Будь вы жителем квартала Земледельцев или Пекарей, вы бы очень удивились, узнав, что перед вами кузнец: невысок ростом, узок в плечах, грациозен и тонок, так что в сумерках подвыпившие ремесленники порой принимали его за девушку, бегущую на ночное свидание. Если же случалось им осознать свою ошибку, на раскрасневшихся лицах расплывались дерзкие ухмылки. Теперь мало кто в квартале Ремесленников приветствовал Клодо, мастера из Города Клинков, дом которого покрылся несмываемым позором. Но в этот вечер, глядя на фигуру в плаще, быстро проходящую мимо домов и лавок Звонкого переулка, горожане качали головами и прикладывали пальцы к губам, тихим шепотом или мысленно вознося молитву Покровителю Фьоре. Они были уверены, что видят молодого кузнеца в последний раз.

Сейчас же взгляд его, задумчивый и как будто отрешенный, следил за действиями цветочниц, трудившихся в боковом нефе. Склонившись над корзинами, женщины отделяли лепестки и опускали их ведра с темной густой жидкостью. Еще две цветочницы, с покрытыми головами и светлыми лицами, водили руками по освещенным свечами картинам. Вот та, что стояла ближе, приложила палец к подсохшему лепестку, погладила его и аккуратно отделила, закрыв ладонью образовавшуюся брешь. Тут же вторая подала ей ведро с лепестками, и уже через мгновение картина снова обрела цельность, а цветочница, коснувшись губами подсохшего лепестка, положила его в большую корзину к отжившим собратьям: с рассветом их предадут огню, а прахом посыплют пороги, ограждая свои дома от недобрых сил.

Защитите свои жилища и не дайте злу проникнуть в них,

ибо зло в вашем доме есть зло в сердце, а сердце каменеет от зла.

Нет в Городе Цветов работы более тонкой и деликатной, чем та, которой занимаются в Храме цветочницы. Даже пропитанные клейким раствором, лепестки быстро теряют цвет и высыхают, и чтобы жители города каждое утро, идя в Храм или проходя мимо него, могли любоваться цветочными картинами, женщины с наступлением сумерек, после вознесения Вечерней Хвалы Покровителю, принимаются за их подновление. Они ищут те лепестки, что угрожают не только яркости, но и целостности полотна. Храм Покровителя Фьоре построен так, что картинам не страшны порывы ветра, но лишь в том случае, если они выложены из свежих лепестков, точно подобранных по размеру и форме. Потому любая небрежность может стать губительной даже на то мгновение, которое требуется для замены подсохшего лепестка.

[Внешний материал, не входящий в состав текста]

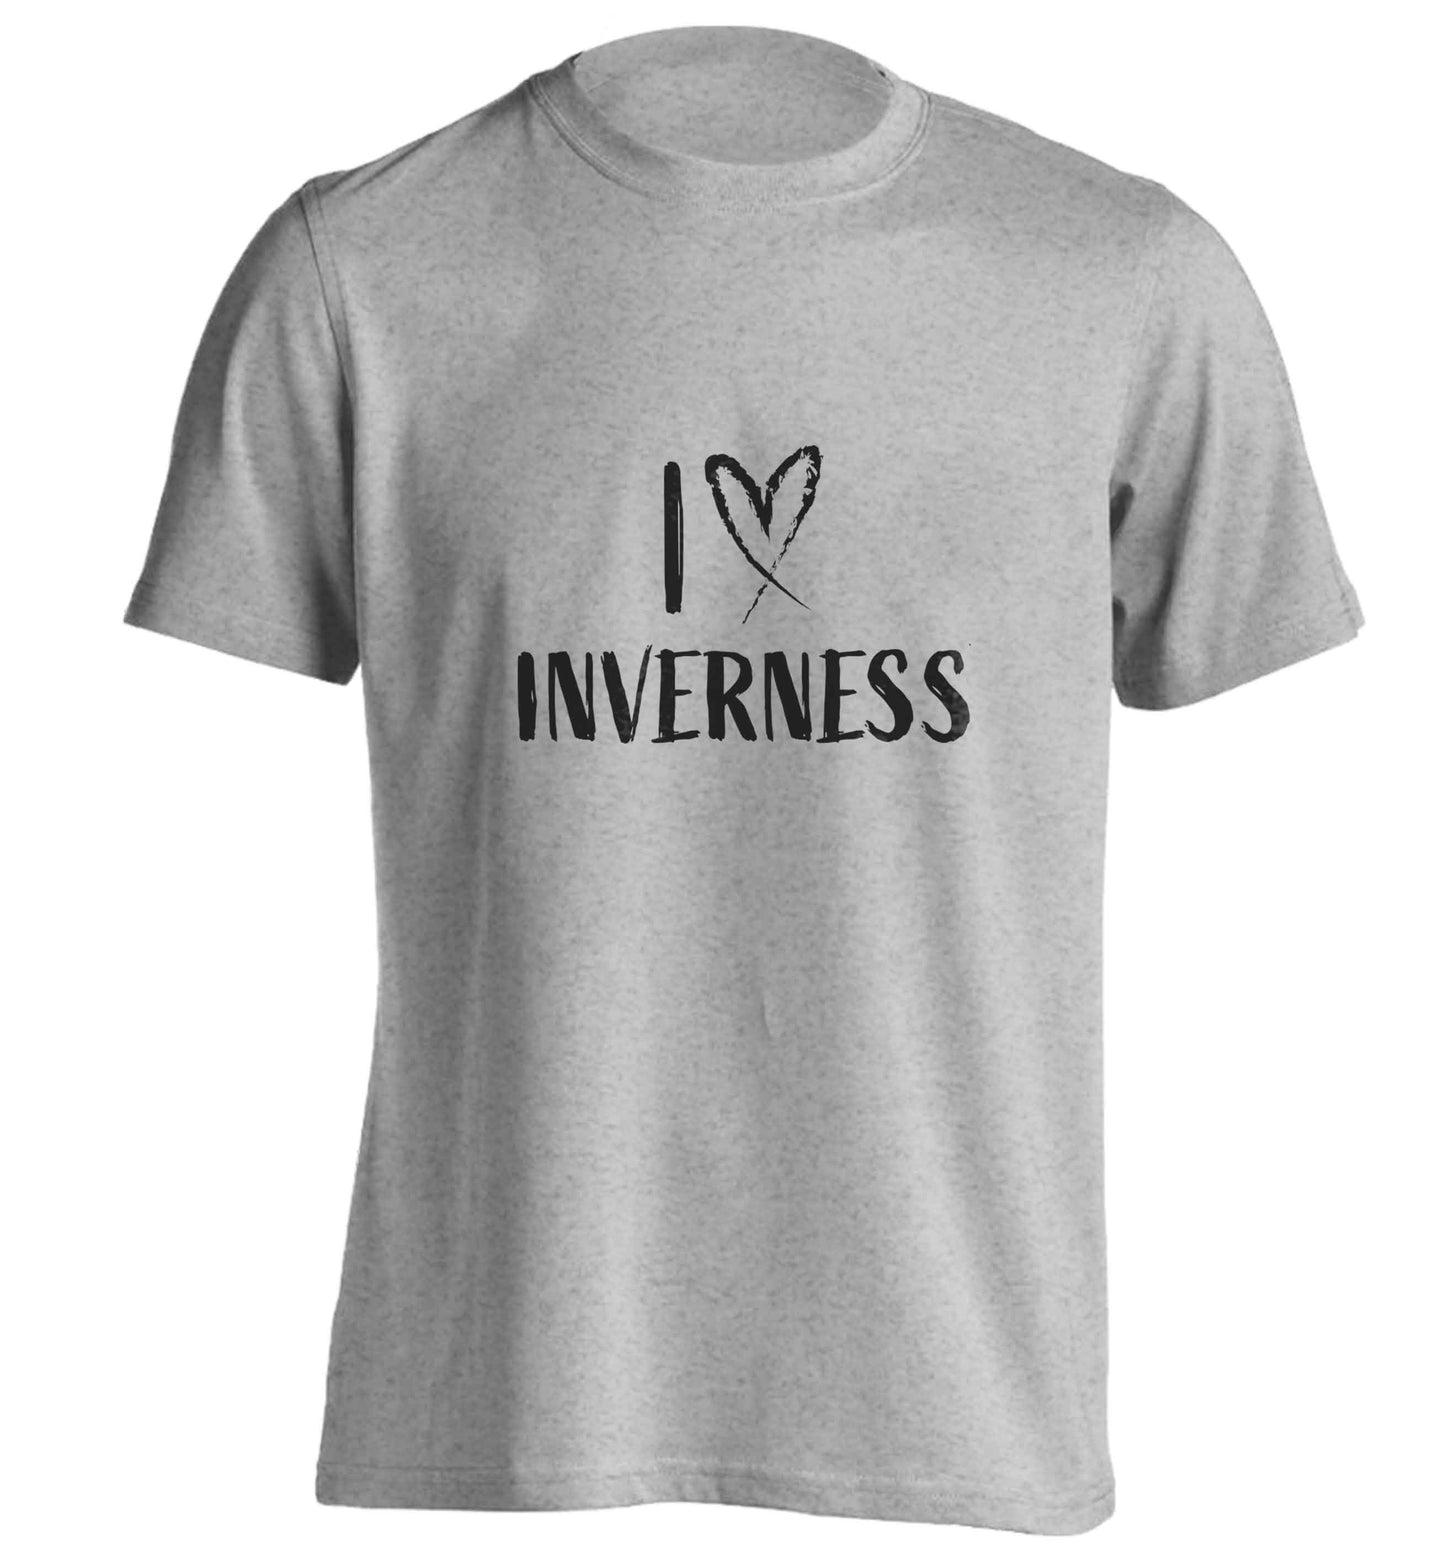 I love Inverness adults unisex grey Tshirt 2XL

Все это Клодо знал не понаслышке: его сестра Клара с отрочества была цветочницей Храма, и он часто приходил сюда по ночам наблюдать за ее искусной работой. В эти часы, особенно перед рассветом, сердце его наполнялось особым чувством. Глядя на картины, изображавшие жизнь Покровителя Фьоре, молодой человек с благоговением прослеживал его путь от безродного чужака до всенародного заступника. Подсвеченные тусклыми огнями, изображения на цветочных полотнах под властью теней приходили в движение, лица оживали, и перед Клодо разворачивалась история города, который десять лет назад принял их семью под свой кров и позволил обрести второй дом.

Вот Покровитель Фьоре в рубище и с посохом стоит на площади, на которой суждено вскоре вырасти Храму в его честь. В руке у него зеленый побег, увенчанный яркими цветами. Он улыбается жителям, с удивлением глядящим на странного чужака.

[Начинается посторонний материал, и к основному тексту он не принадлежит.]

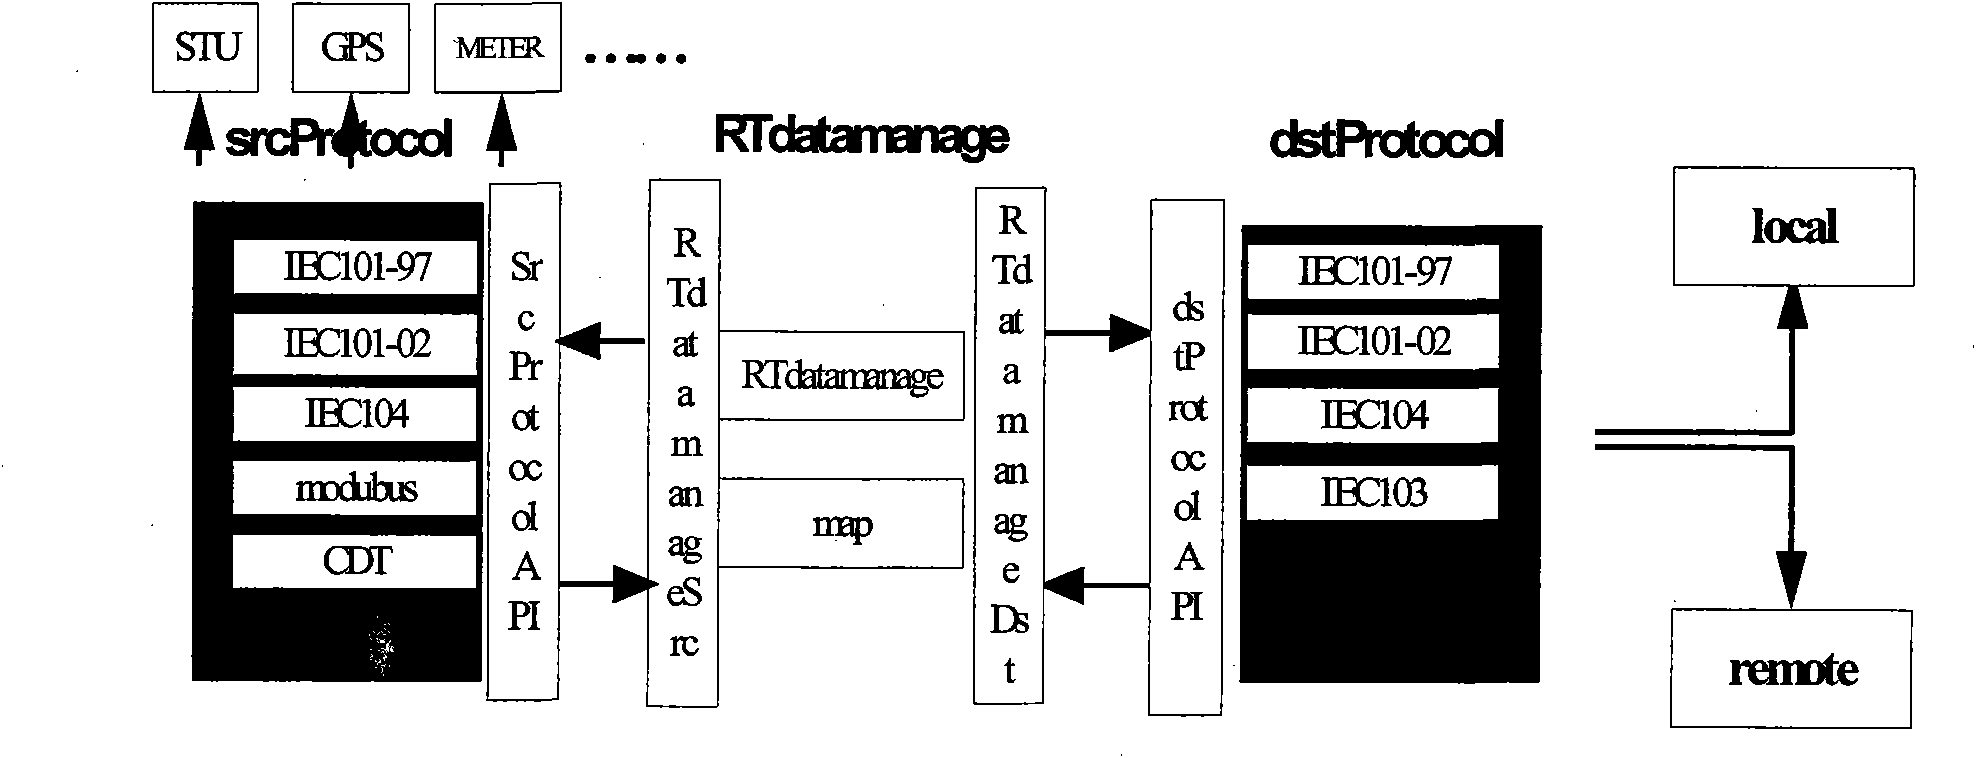 Intelligent network remote terminal unit (RTU) system of electrified railway

Вот Покровитель при свете костра рассказывает пришедшим к нему жителям истории о далеких землях, цветущих полях, дарящих богатые урожаи, и прочных домах, которым не страшны ни ураганы, ни бури.

Покровитель учит людей возделывать землю, приручать скот, добывать камни из горных пещер. Женщины, улыбаясь, несут ему охапки цветов, выращенных своими руками, обмениваются изображениями его лика, выложенными из разноцветных лепестков. Так зарождается главное искусство города, прославившее цветочниц по обе стороны Железных гор.

Покровитель огораживает поселение зелеными вьющимися растениями, скрывающими за собой самые высокие хижины. Позже ее сменит каменная стена с разноцветными башнями, на которых день и ночь будет бодрствовать военный отряд, охраняющий покой жителей города.

Я дарую вам то, что даровали мне другие, что я принял с радостью и смирением.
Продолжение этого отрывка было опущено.